9.30-10.30: Session 1: Circulation and Mediation

– Emil Elg (University of Copenhagen): «The Multimedial Omnipresence of the Royal  
   Danish Order of the Elephant»
– Thomas Slettebø Daltveit (Western Norway University of Applied Sciences): «The
   Greenlandic Procession in 1724» 

10.30-10.45: Break

10. 45 - 11.45: Session 2: Transformation and remediation

– Inga Henriette Undheim (Western Norway University of Applied Sciences) and Beatrice
   Reed (Universitetet i Oslo): «18th century in Sámi Contemporary Literature»

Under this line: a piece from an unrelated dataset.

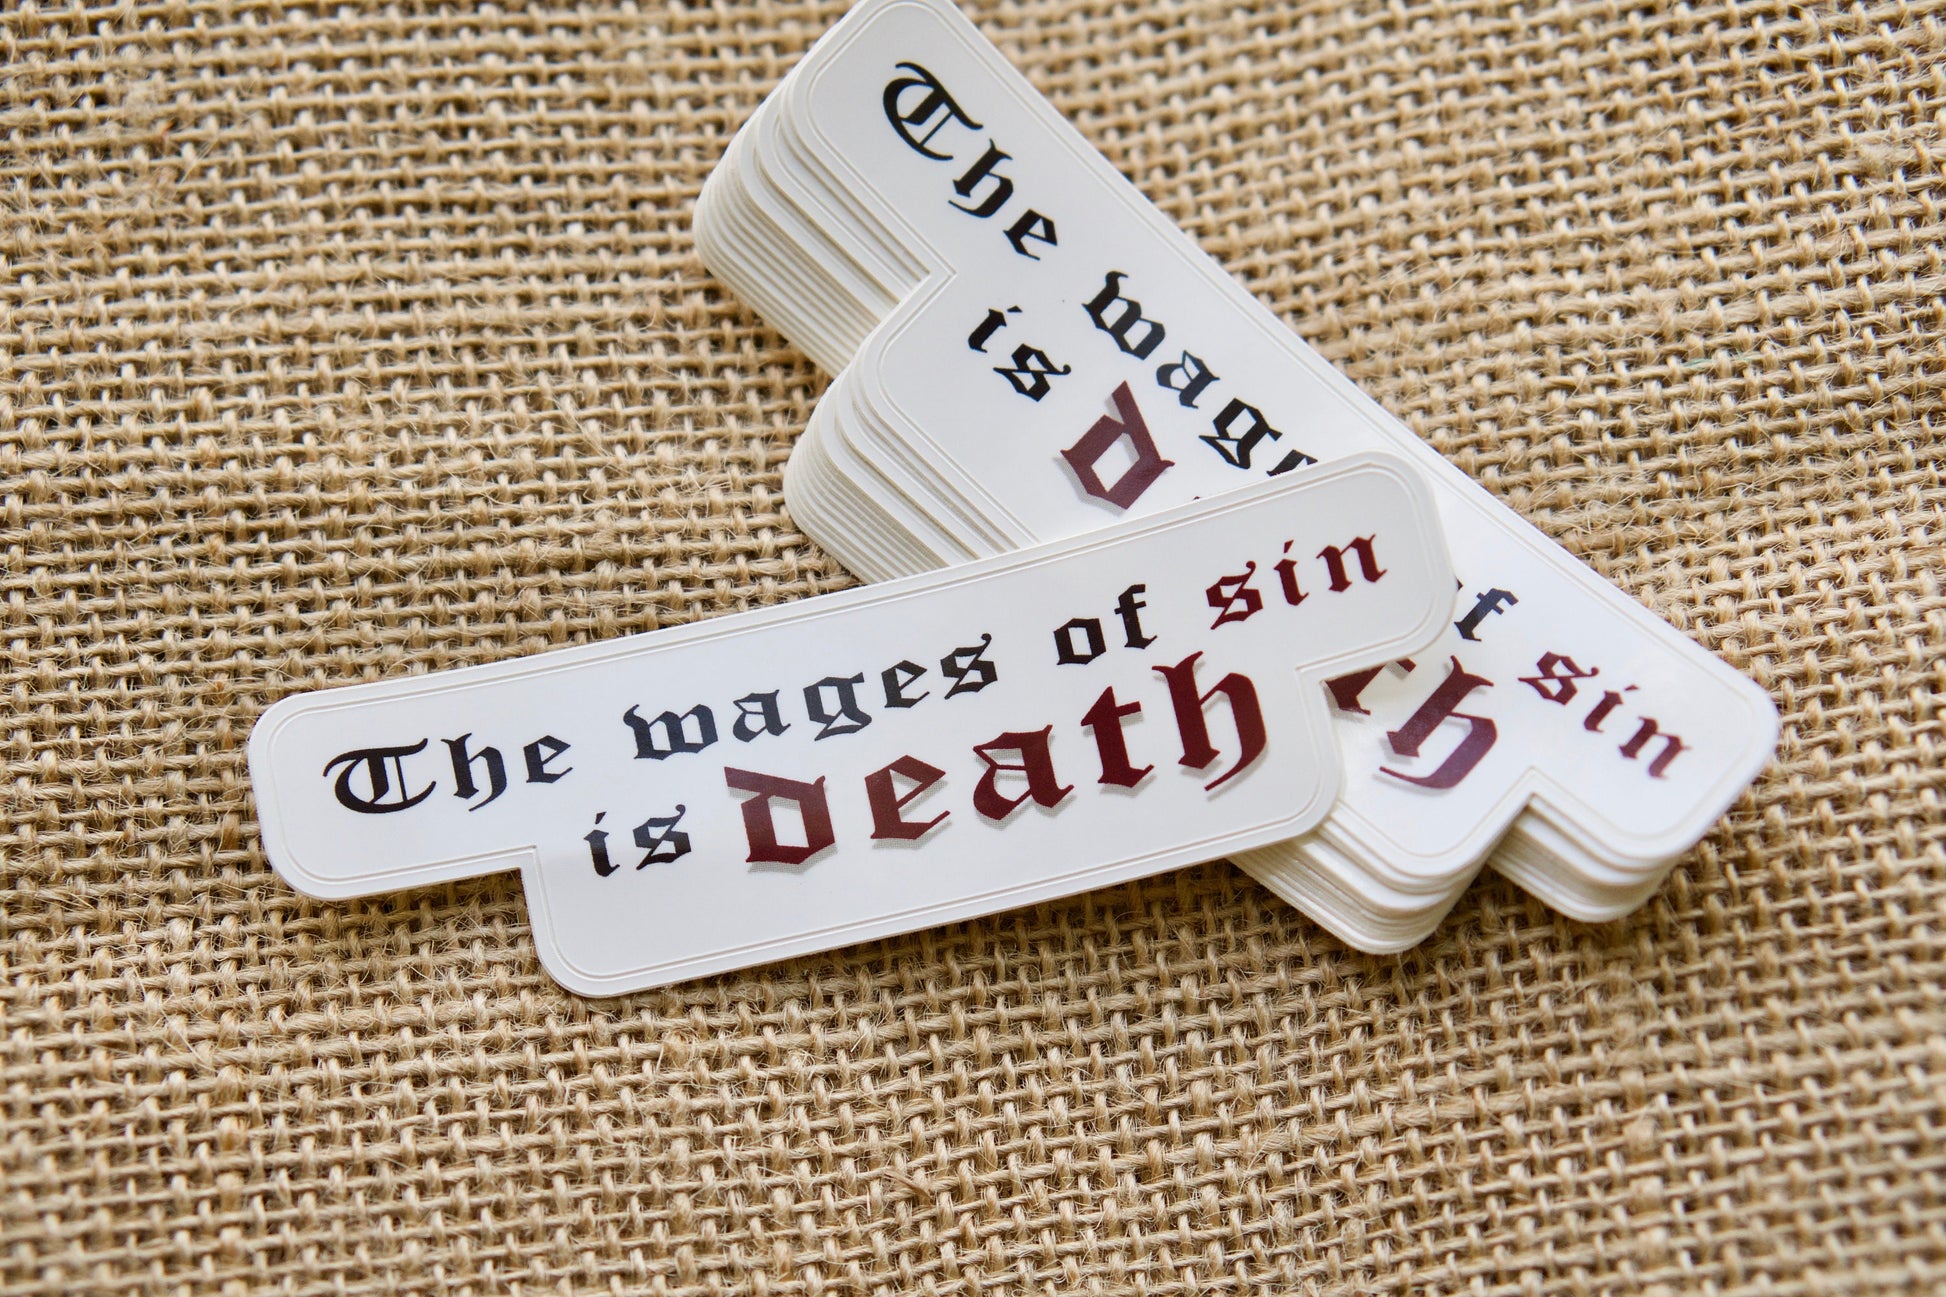 Wages of Sin - Vinyl Sticker, 4" x 1", Reminder of Eternal Consequences, Perfect for Laptops, Water Bottles, Notebooks, & Stocking Stuffers, Shop Catholic Gifts at Sanctus Servo.

 - Peder Valle (Kode Art Museum and Composer Homes): «Creatures of the North: The museology of the Nordmandsdalen figures in Kode’s collections»

11. 45- 12.00: Break

12.00-13.30: Session 3: Materialities of placemaking

– Christian Lechelt (Director at Museum Schloss-Fürstenberg): «The dominion on 
   the table. A Fürstenberg service for duke Carl I. of Braunschweig-Wolfenbüttel»
– Amalie Skovmøller (University of Copenhagen): «Traveling Marble: Monuments and   
   Infrastructures in Fredensborg Palace Garden»
– Peter Hatlebakk (Universitetet of Bergen): «Nordmandsdalen at Fredensborg, Julianehøj at Jægerspris and Herthedalen at Ledreborg in Lejre: Cultural Landscapes and Political Historiography, 1737–1814.